The U.S. Securities and Exchange Commission (SEC) announced that cyber criminals had previously breached its database of corporate announcements in 2016 and likely they have used it for insider trading.
On Wednesday, the SEC Chairman Jay Clayton released a “statement on cybersecurity” that reported a 2016 security breach of its EDGAR system.
The Securities and Exchange Commission’s Edgar filing system is a platform which houses detailed financial reports on publicly traded companies, including quarterly earnings and statements on acquisitions.
According to Clayton, the security breach was discovered last, it is the result of the presence of “software vulnerability.”
“In August 2017, the Commission learned that an incident previously detected in 2016 may have provided the basis for illicit gain through trading. Specifically, a software vulnerability in the test filing component of our EDGAR system, which was patched promptly after discovery, was exploited and resulted in access to nonpublic information.” reads the statement on cybersecurity.
The SEC confirmed it is investigating the security breach but it did not share details about the attack, it only confirmed to have “promptly” fixed the flaw exploited by hackers.

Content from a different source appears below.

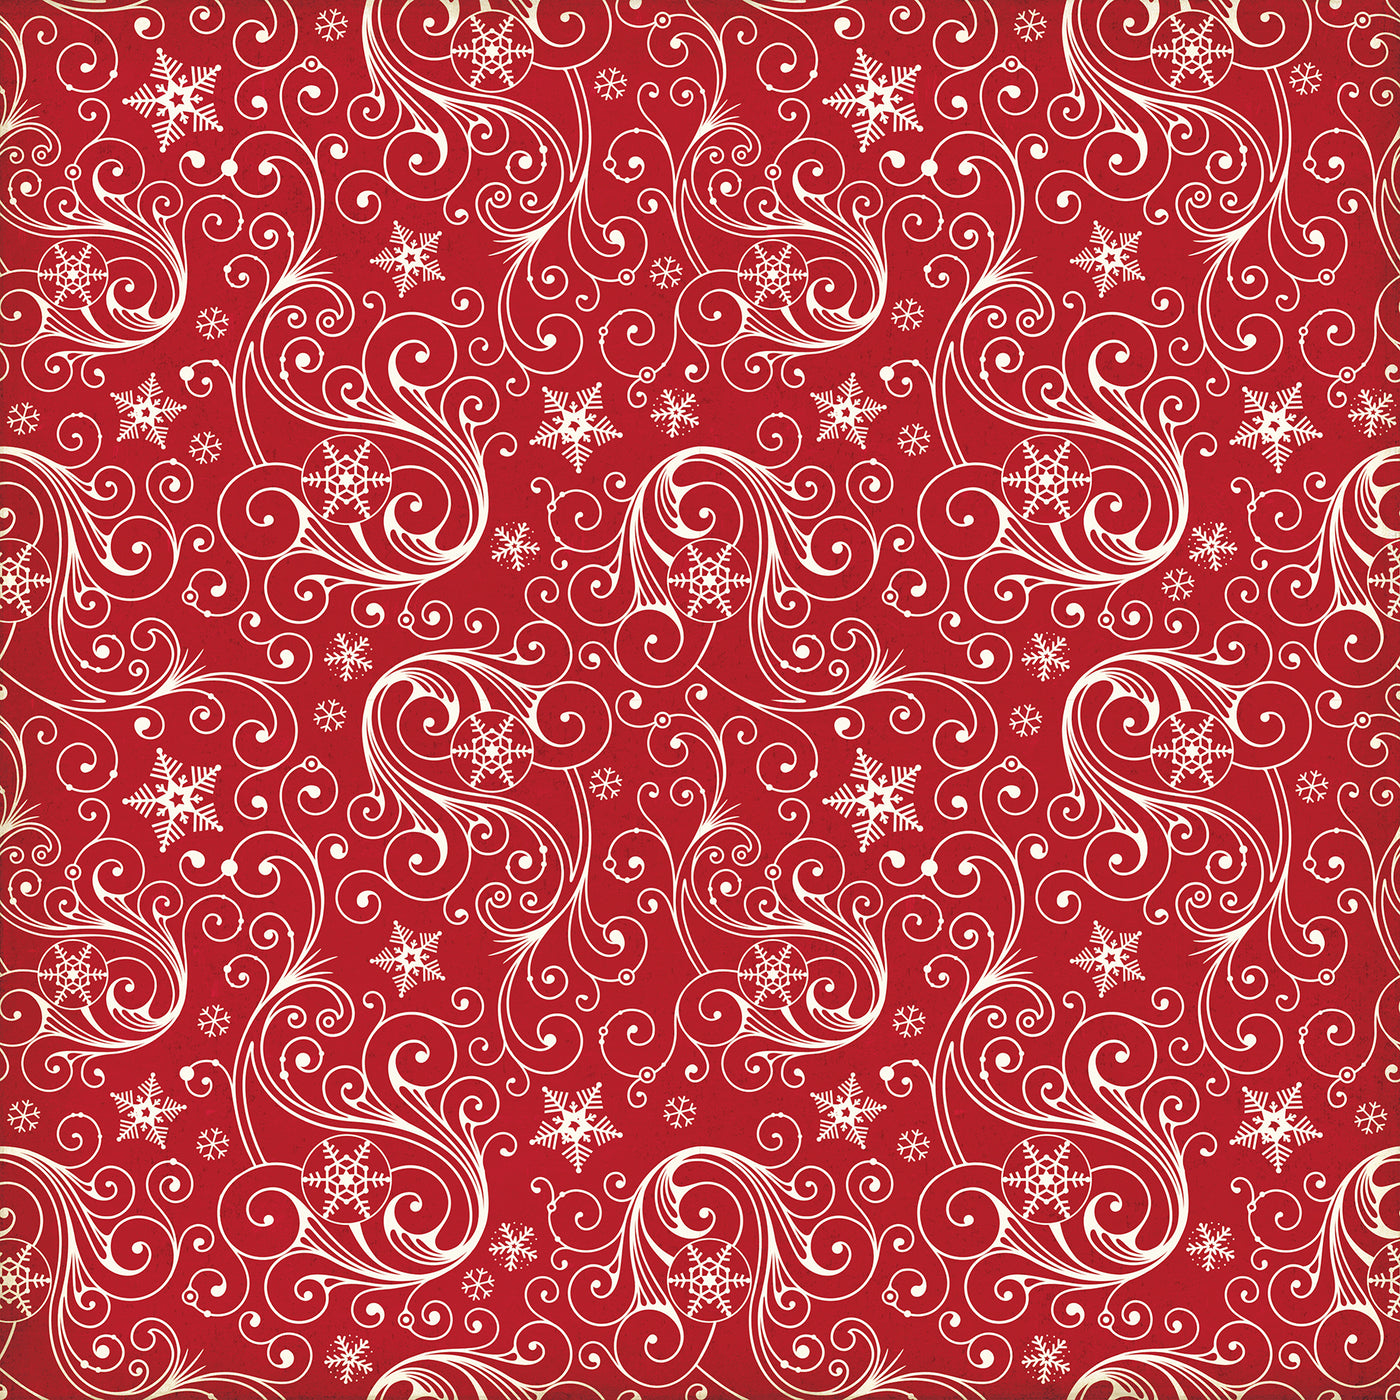 Side A - white swirls, snowflakes, and stars on a red background

Exactly as for the Equifax incident, this case is hilarious because the SEC agency is charged with protecting investors and markets.
The SEC believes the intrusion did not expose personally identifiable information.

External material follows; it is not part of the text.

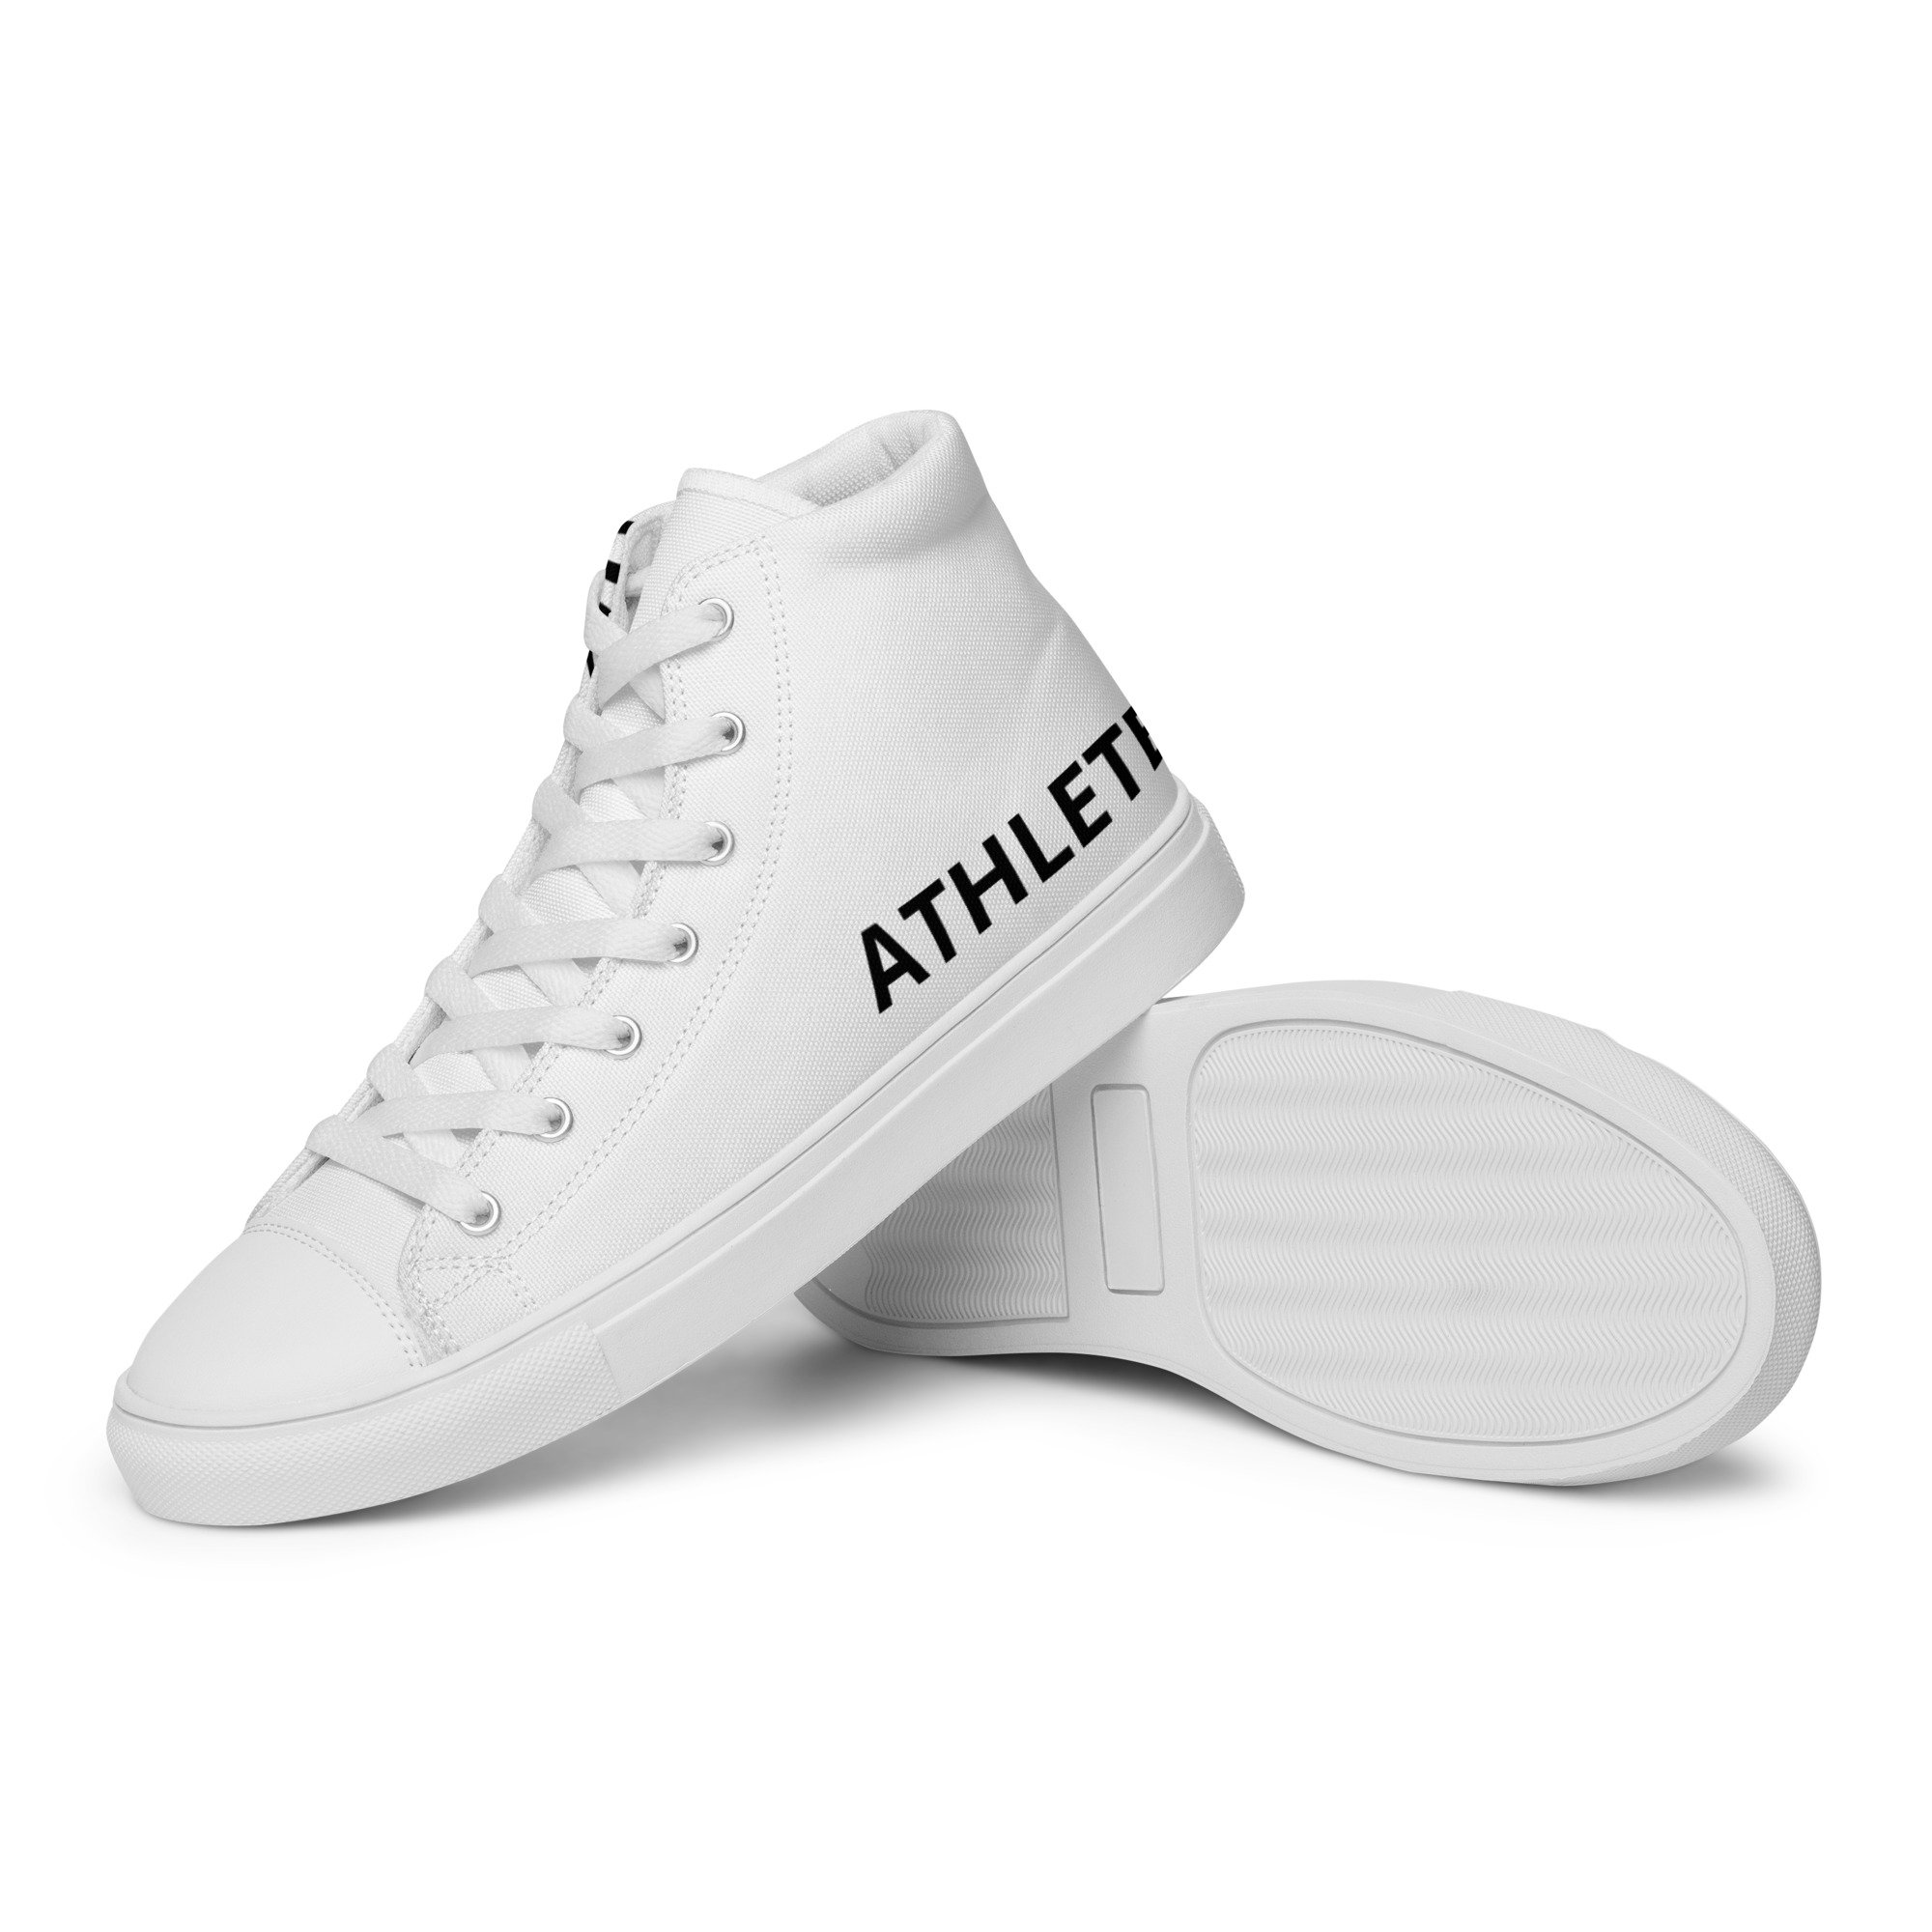 The Best White Sneakers by Nike. Nike.com

“It is believed the intrusion did not result in unauthorized access to personally identifiable information, jeopardize the operations of the Commission, or result in systemic risk.” continues the statement.
Also in this case, experts pointed out the delay in the disclosure of the security breach.
“The agency detected the breach last year, but didn’t learn until last month that it could have been used for improper trading.” reported the Washington Post “The incident was briefly mentioned in an unusual eight-page statement on cybersecurity released by SEC Chairman Jay Clayton late Wednesday. The statement didn’t explain the delay in the announcement, the exact date the system was breached and whether information about any specific company was targeted.”
“Notwithstanding our efforts to protect our systems and manage cybersecurity risk, in certain cases cyber threat actors have managed to access or misuse our systems,” Clayton said in the statement.